His angel had not fallen so far off the scale that she couldn't smell a rat. She met Cream at the appointed time, but determined to be careful. The evening proved quite interesting, as recollected by Harvey: "(I) walked with him to the Northumberland Public-house, had a glass of wine, and then (we) walked back to the Embankment where he gave me two capsules. But, not liking the look of the thing, I pretended to put them in my mouth...And when he happened to look away, I threw them over the Embankment. He then said he had to be at St. Thomas' Hospital, left me, and gave me 5 shillings to go to the Oxford Music Hall, promising to meet me at 11 o'clock. But, he never came."

Cream had no reason to show, for at 11 o'clock he most certainly was elsewhere toasting to what he thought was the whore Lou Harvey's last night on earth. But, she had been more than lucky; the whore had been smart. Just how smart would not become evident for some time - when the "ghost" of Lou Harvey would hang him.

No hangman leered at Cream yet, though, and he considered himself a clever individual, erasing strumpets in a way that even Jack the Ripper would have envied. Cream mused: The Ripper soiled his evening clothes in blood, but he walked away spotless. The Ripper had to hide in shadows from police lanterns after every killing, but his method allowed him to put many a footfall between himself and his victims before the initial sign of foul play. In fact, he could literally employ his tool of destruction in broad daylight in the middle of Trafalgar Square had he the mind to do so. Slip'em the pill, tell'em now they'll feel better, and too-da-loo m'gal!

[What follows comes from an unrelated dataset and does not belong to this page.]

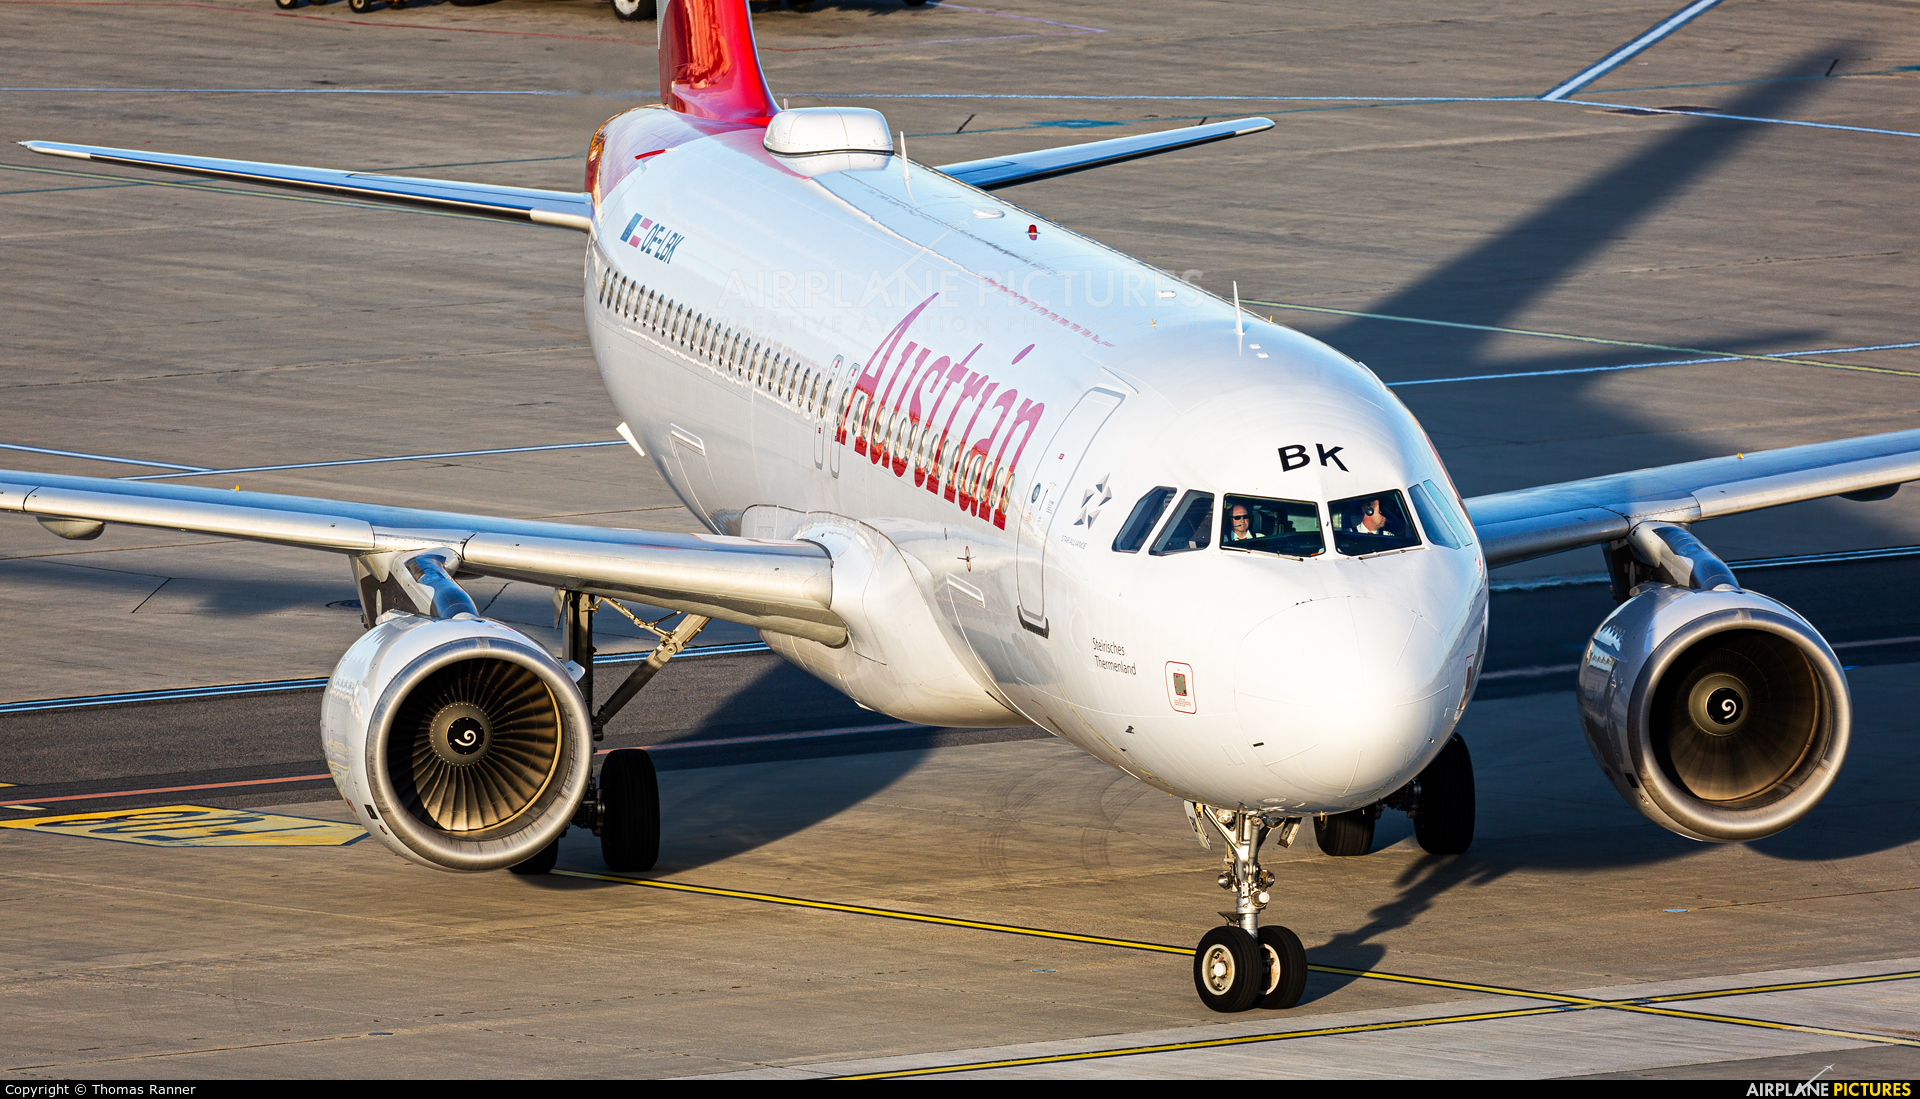 Austrian Airlines/Arrows/Tyrolean OE-LBK aircraft at Vienna - Schwechat

But...Master Jack still bested him, for didn't he kill two doxies in a single night?. Cream calculated: What prevented him from exacting - even exceeding -- that achievement? All he needed to do was to locate two doves in a single cage idiotic enough to sample his pills for...whatever reason he could concoct. Ellen Donworth had swallowed. Matilda Clover had swallowed. And Lou Harvey had swallowed. All whores. Imagine...imagine...two trollops in one room - better than Jack the Ripper who had to leave the warmth of his own fireplace twice!

Two victims stirring at once. Coughing at once. Twitching at once. Dying at once.

Late on April 11, 1892, Cream followed Alice Marsh and Emma Shrivell, a pair he had just met loitering in St. George's Circus, off the dreary pavements of Stamford Street. Outside, a tug boat moaned as it crept down the Thames, rippling the dark waters, causing a succession of waves to slosh along the wooden pilings that paralleled Stamford. Ascending the squeaking steps of Number 118, the trio reached the landing where a hallway led to the girls' separate rooms. Key inserted, they stepped into Alice's flat, whiffing a strong surge of gas as she lit the jet beside the door. The cramped cubicle of a parlor took on a ruddy glow.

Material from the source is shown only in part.